Dr. Knopman Presents EMBOLISE Results at Stroke Conference

Jared Knopman, MD, Director of Cerebrovascular Surgery and Interventional Neuroradiology, last week presented results of the EMBOLISE trial at the International Stroke Conference (ISC) 2024 in Phoenix, Arizona.  Dr. Knopman has been pioneering the use of endovascular treatment of subdural hematomas for nearly a decade, and he was the national Co-PI for the EMBOLISE trial. His ISC presentation reported on 400 patients treated across nearly 40 national centers.   
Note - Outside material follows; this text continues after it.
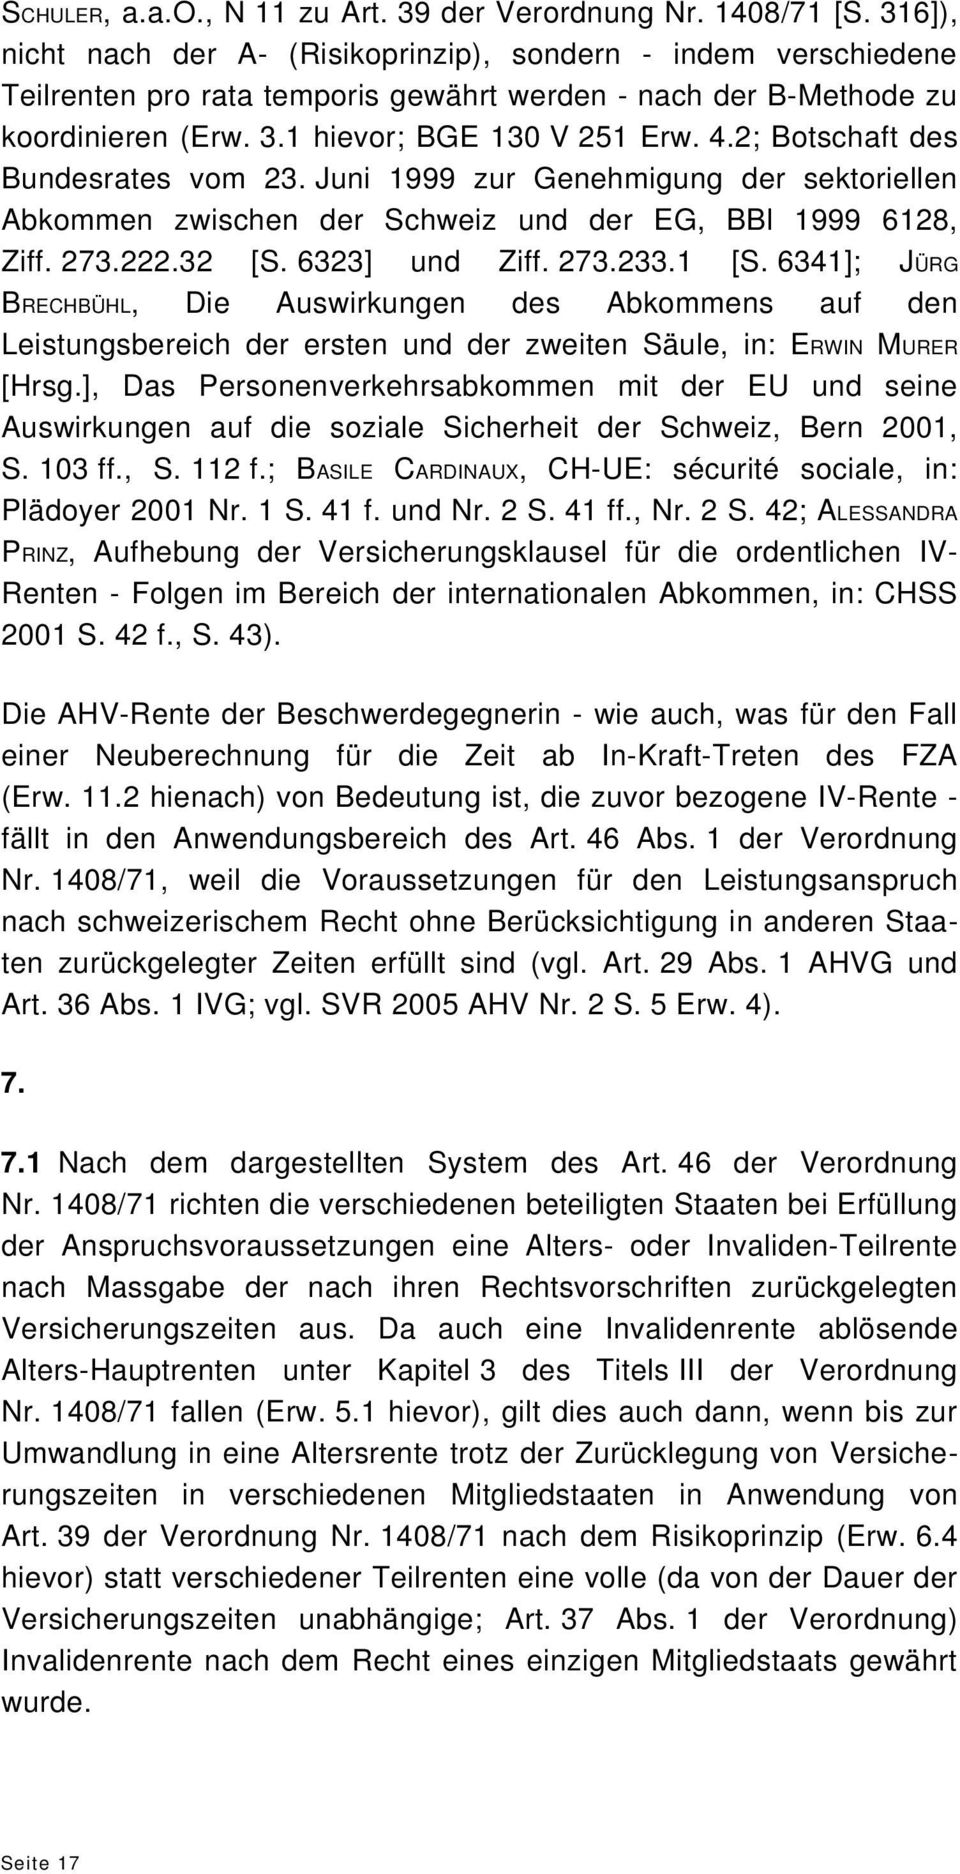 2; Botschaft des Bundesrates vom 23. Juni 1999 zur Genehmigung der sektoriellen Abkommen zwischen der Schweiz und der EG, BBl 1999 6128, Ziff. 273.222.32 [S. 6323] und Ziff. 273.233.1 [S.

The trial, which analyzed the role of MMA embolization in patients undergoing surgical evacuation of subdural hematoma, showed powerful, statistically significant benefits for patients. Endovascular embolization of the middle meningeal artery (MMA) was shown to reduce hematoma recurrence rates in patients who had undergone surgery by three-fold compared to surgery alone, with no increase in adverse events.  The trial evaluating the role of embolization in non-surgical subdural hematoma patients is ongoing and expected to complete enrollment later this year. 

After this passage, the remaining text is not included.